Currently, only three drugs are available to treat AMD, Lucentis^® by Genentech/Novartis, Eyelea® by Regeneron/Bayer and Macugen, however Macugen is not used to treat patients anymore because of its minimal benefits to patients [7,8]. Both drugs are antibodies against vascular endothelial growth factor (VEGF) [9]. Unfortunately, these drugs have some serious side effects (e.g., hemorrhage and tissue damage) [10,11]. The drug delivery is accomplished through frequent (once or twice a month) and expensive (about $2000 per injection) ocular injections [12-16]. The ability to deliver an AMD drug with an eye drop as opposed to an injection would make the product very economical and preferred. With the rates of AMD rising, there is an unmet need not only for health and social services for the affected individuals but also for better ways to prevent the early stages of AMD.

The availability of appropriate and effective animal models for AMD is a pivotal point in accomplishing the stated goals regarding AMD treatment. This review is the first to discuss an innovative method of inducing CNV and geographic atrophy in mice with polyethylene glycol (PEG) and its applications in studying AMD. Although several research and review articles have been written on AMD models, here we focus on PEG-induced models of CNV and retinal degeneration mimicking dry AMD. Therefore, we only discuss PEG-induced AMD models, not previously described AMD models.

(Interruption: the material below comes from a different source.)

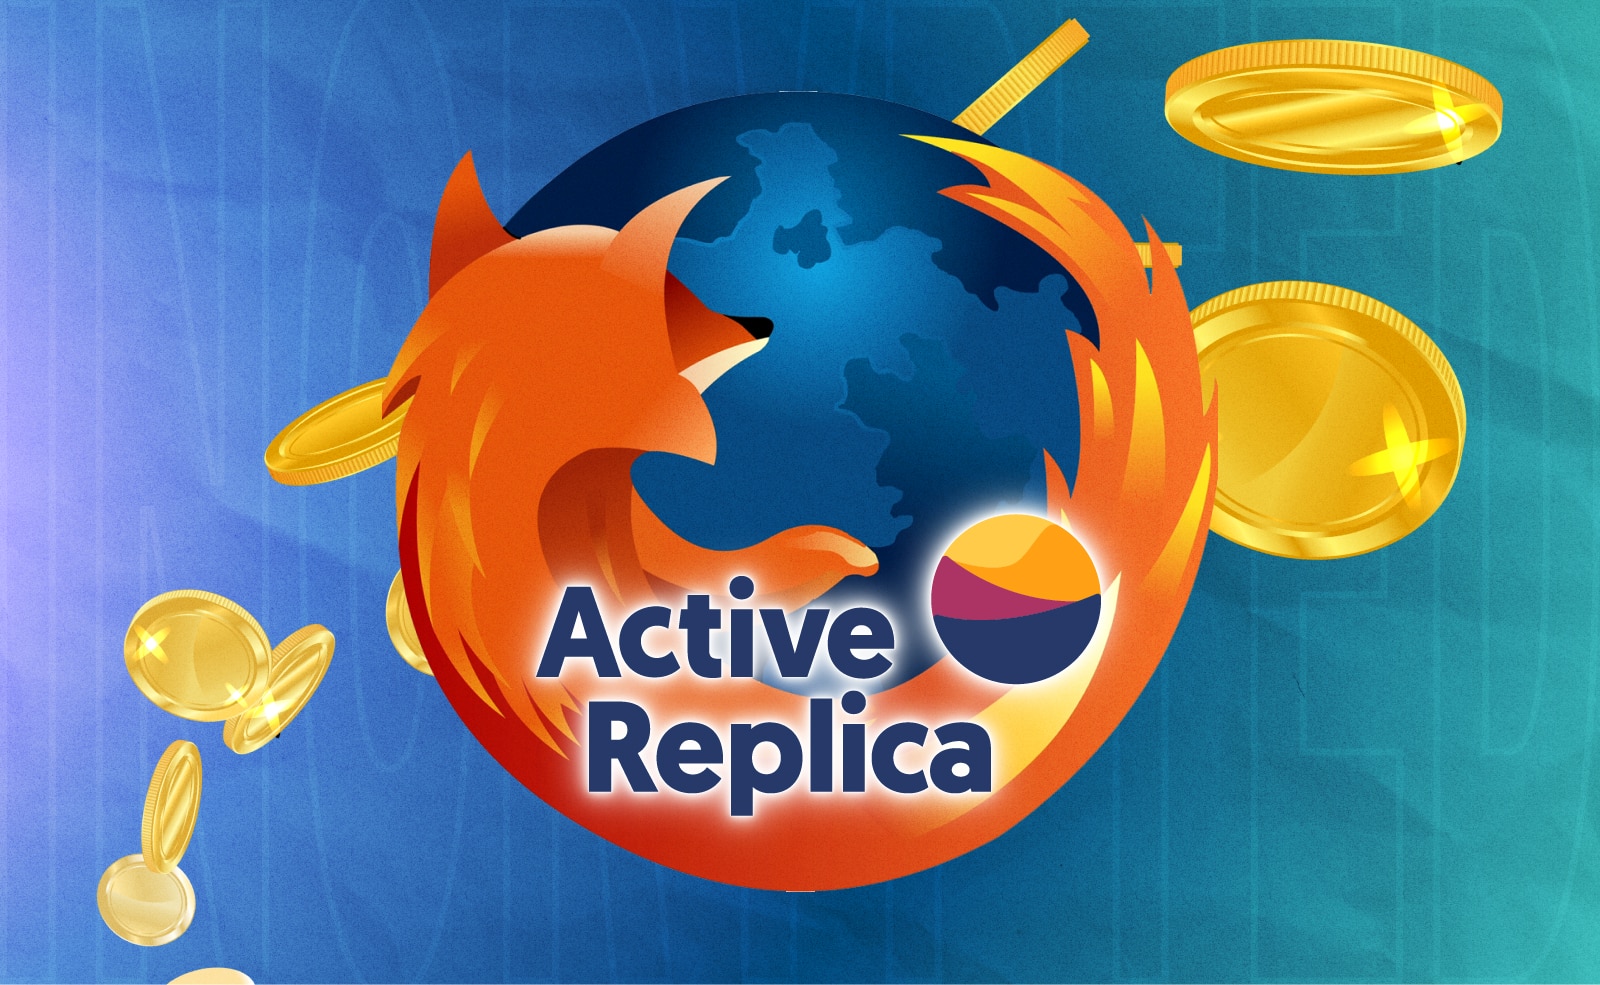 Інтернет-браузер Mozilla придбав Active Replica у рамках своєї екосистеми Hubs creator. Головний колаж новини.
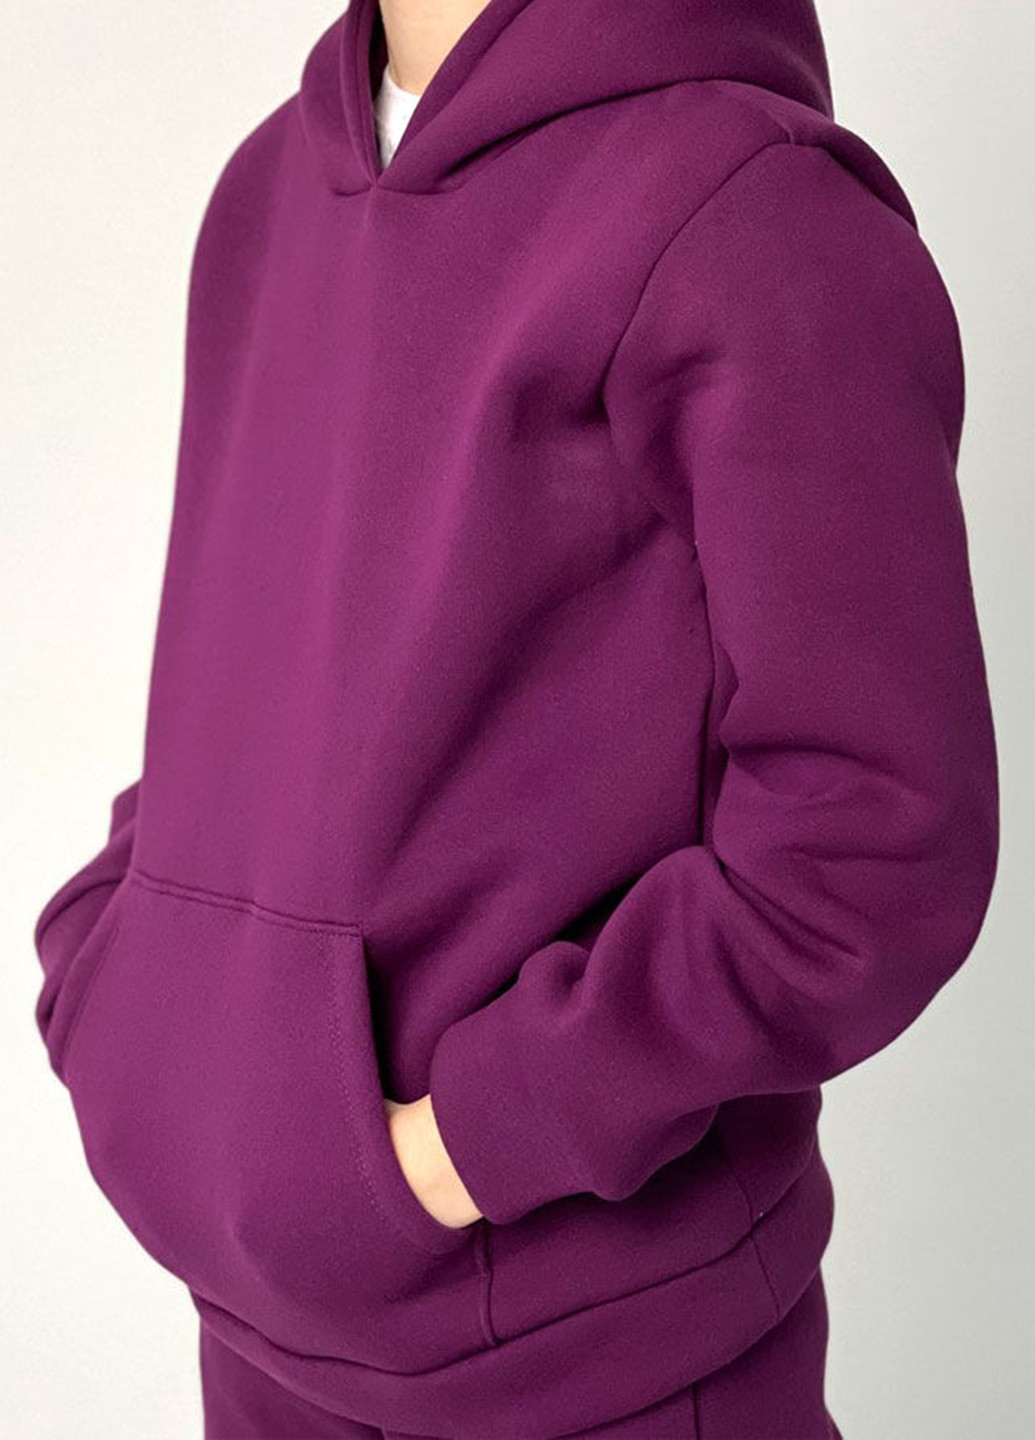 Спортивный костюм (худи, брюки) Blanka однотонный фиолетовый трикотаж, хлопок

Later stages of AMD are characterized by central vision loss and the development of CNV [3,17]. In addition, complement activation is well-known as being critical to the development of AMD [3,18-22]. Studies in mice have shown that laser-induced CNV and angiogenic growth-factor generation and release depend upon the formation of the membrane attack complex (MAC) and its deposition on retinal pigment epithelial (RPE) and choroidal cells [19-21,23-25]. The complement system is composed of a number of proteins that circulate throughout the body via plasma and those that can be membrane bound [26-28]. The interactions among these proteins are highly regulated due to the role of the complement system in innate immunity [19,29-32]. Patients with AMD display elevated levels of the complement proteins C3, C5, C5b-9 (MAC), and CFH [33,34]. Importantly, PEG is an activator of the classical and alternative pathways of the complement system [35,36]. Overall, the benefits of using PEG to induce CNV include its low molecular weight and quick absorption and secretion.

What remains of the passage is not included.